Motivation: git
is great, but if you have lots of big binary files, the git
repo becomes enormous. Furthermore, if these files include private data, you might not want to host them on GitHub. dat
allows you to push and pull like git
, but with very little overhead (because it doesn't do version control).
The basic logic behind dat
is that it tracks the md5 hash of all the files in a dat
repo and only pushes/pulls if that md5 hash has changed.
pip install git+https://github.com/pbreheny/dat
dat
also requires that the AWS command-line interface is installed on your system.
Put the files you want to track in a directory. From that directory, run
dat init
dat push
By default, this will create a bucket called username.path.to.dir
. For example, if your username is jsmith7 and your dat
directory is HOME/pdf/articles
, the default bucket name is jsmith7.pdf.artcles
. Alternatively, you can run dat init <bucket>
and specify your own bucket name. In particular, you can specify something like jsmith7.pdf/articles
if the bucket jsmith7.pdf
already exists and you want the articles
folder on your local machine to mirror the articles
subdirectory of that bucket.
If you are on a different machine (still with username jsmith7
) and go to the pdf
folder, you can then run
dat clone articles
to clone the repository on the new machine. Alternatively, dat clone <bucket> <folder>
allows you to clone an arbitrary bucket into an arbitrary folder.

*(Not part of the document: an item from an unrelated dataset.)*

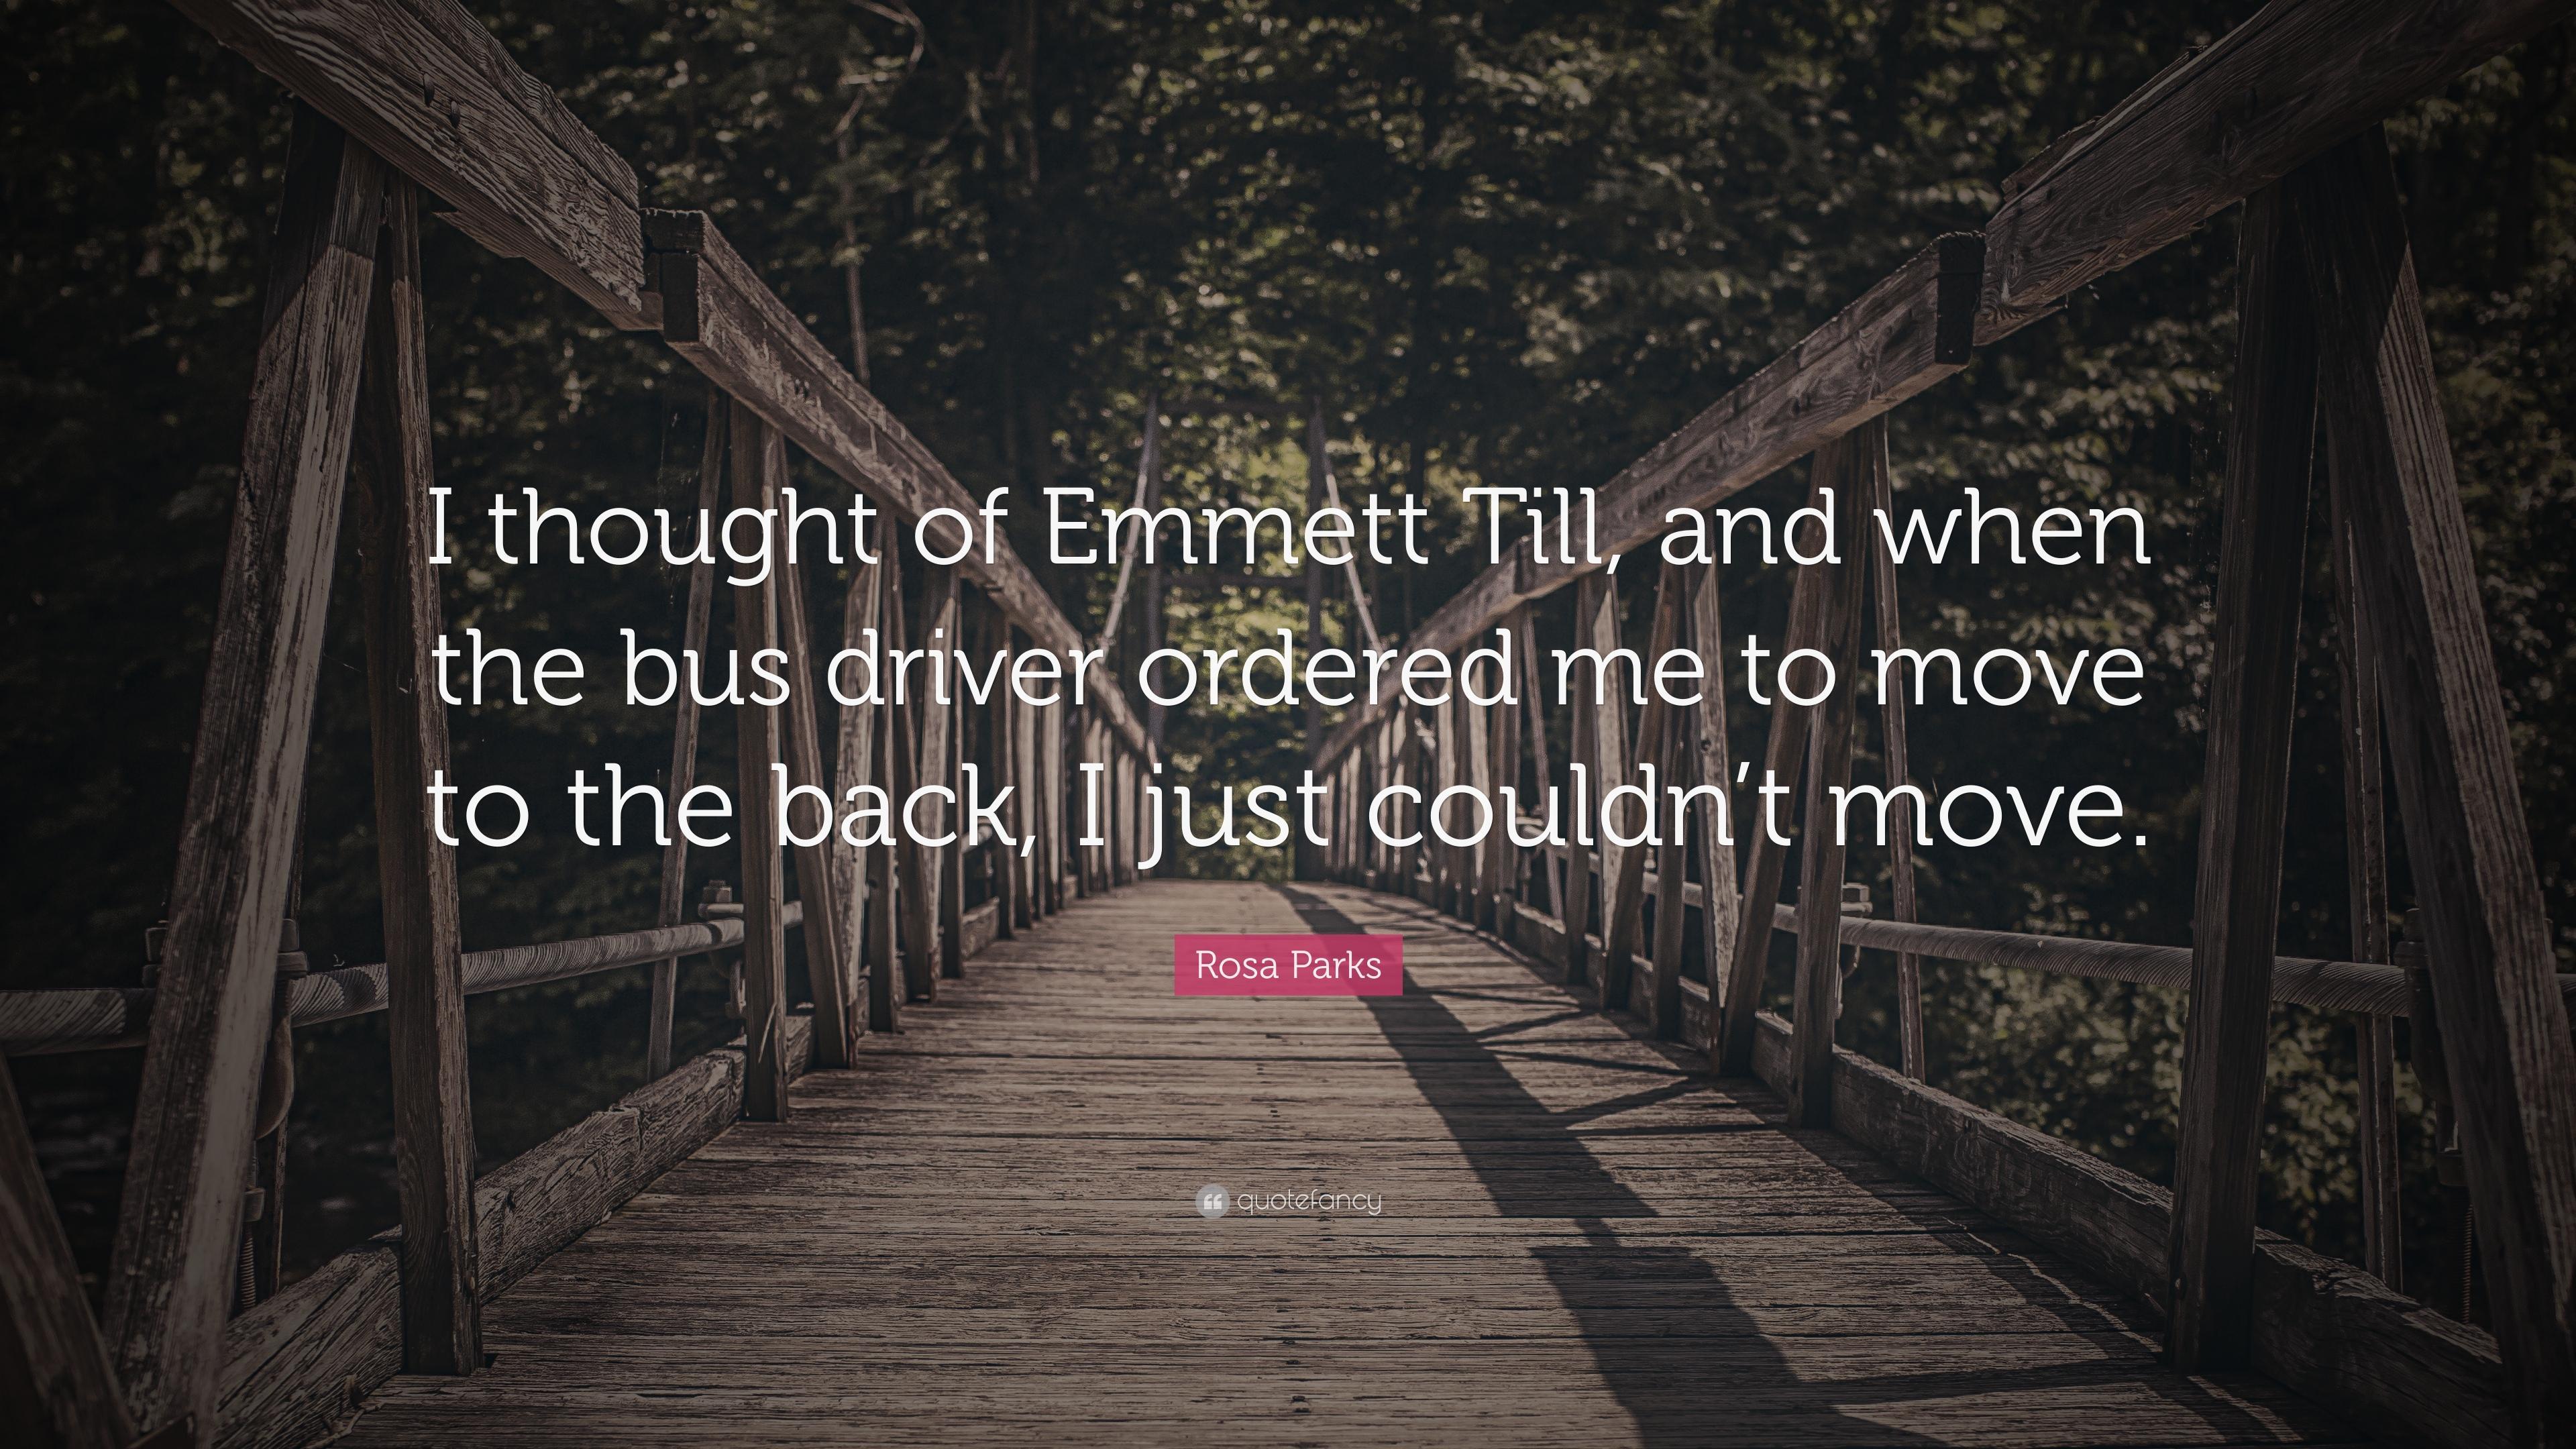 Rosa Parks Quote: “I thought of Emmett Till, and when the bus driver
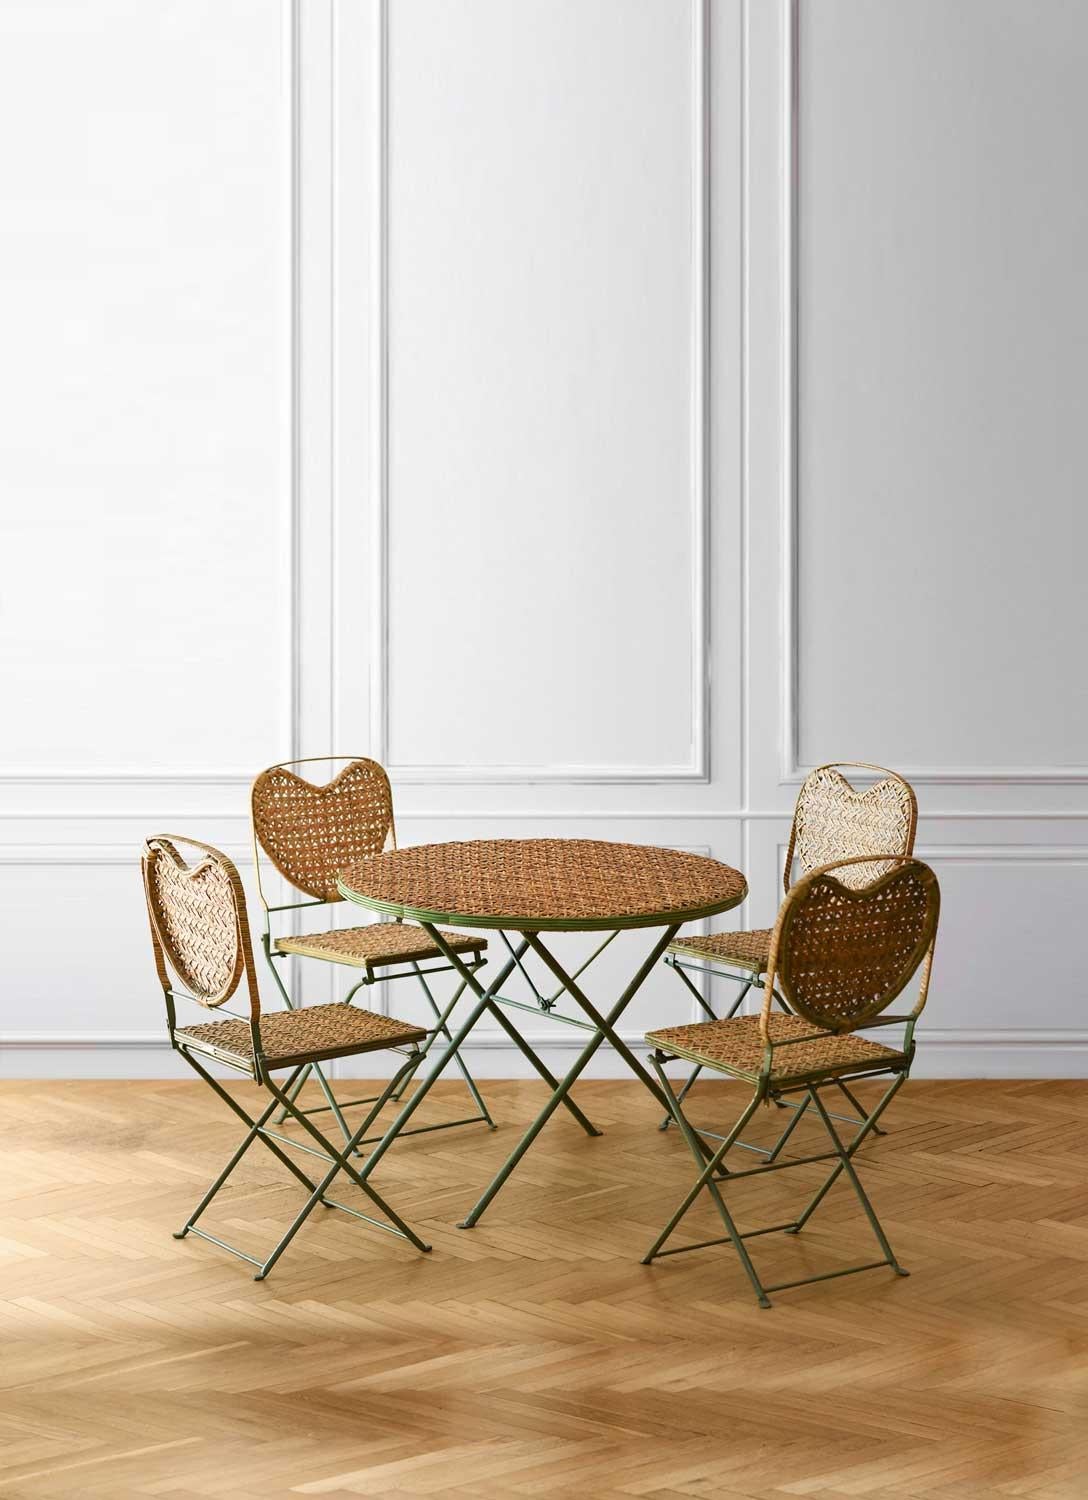  Set “Un Jardine en Plus” Paris Table and 4 folding chairs in wicker and metal 4

To pull changes from the master bucket,
dat pull
To check if any local files need pushing (can be done offline, doesn't require AWS connection)
dat status
To check against the remote to see if anything needs pushing or pulling
dat -r status
When using dat
to share a repository between AWS accounts, be aware that in addition to S3 GetObject
permissions on the objects in the bucket, you also need to grant ListBucket
permissions for dat
to work because aws s3 sync
needs to list all the objects in the bucket to determine which files need to be copied over.
Specifically, your S3 bucket policy statement needs to look something like this:
{
"Version": "2012-10-17",
"Statement": [
{
"Effect": "Allow",
"Principal": {
"AWS": "arn:aws:iam::123456789101:user/Username"
},
"Action": "s3:*",
"Resource": "arn:aws:s3:::my.s3.bucket/*"
},
{
"Effect": "Allow",
"Principal": {
"AWS": "arn:aws:iam::123456789101:user/Username"
},
"Action": "s3:ListBucket",
"Resource": "arn:aws:s3:::my.s3.bucket"
}
]
}
- Need better tools for resolving conflicts, like
ours
/theirs
ingit
- Should institute some sort of lock so that two operations can't do
dat
things at the same time. - Limited testing by users other than me
- Currently specific to AWS, would be neat if it worked with, say, Google Drive as well.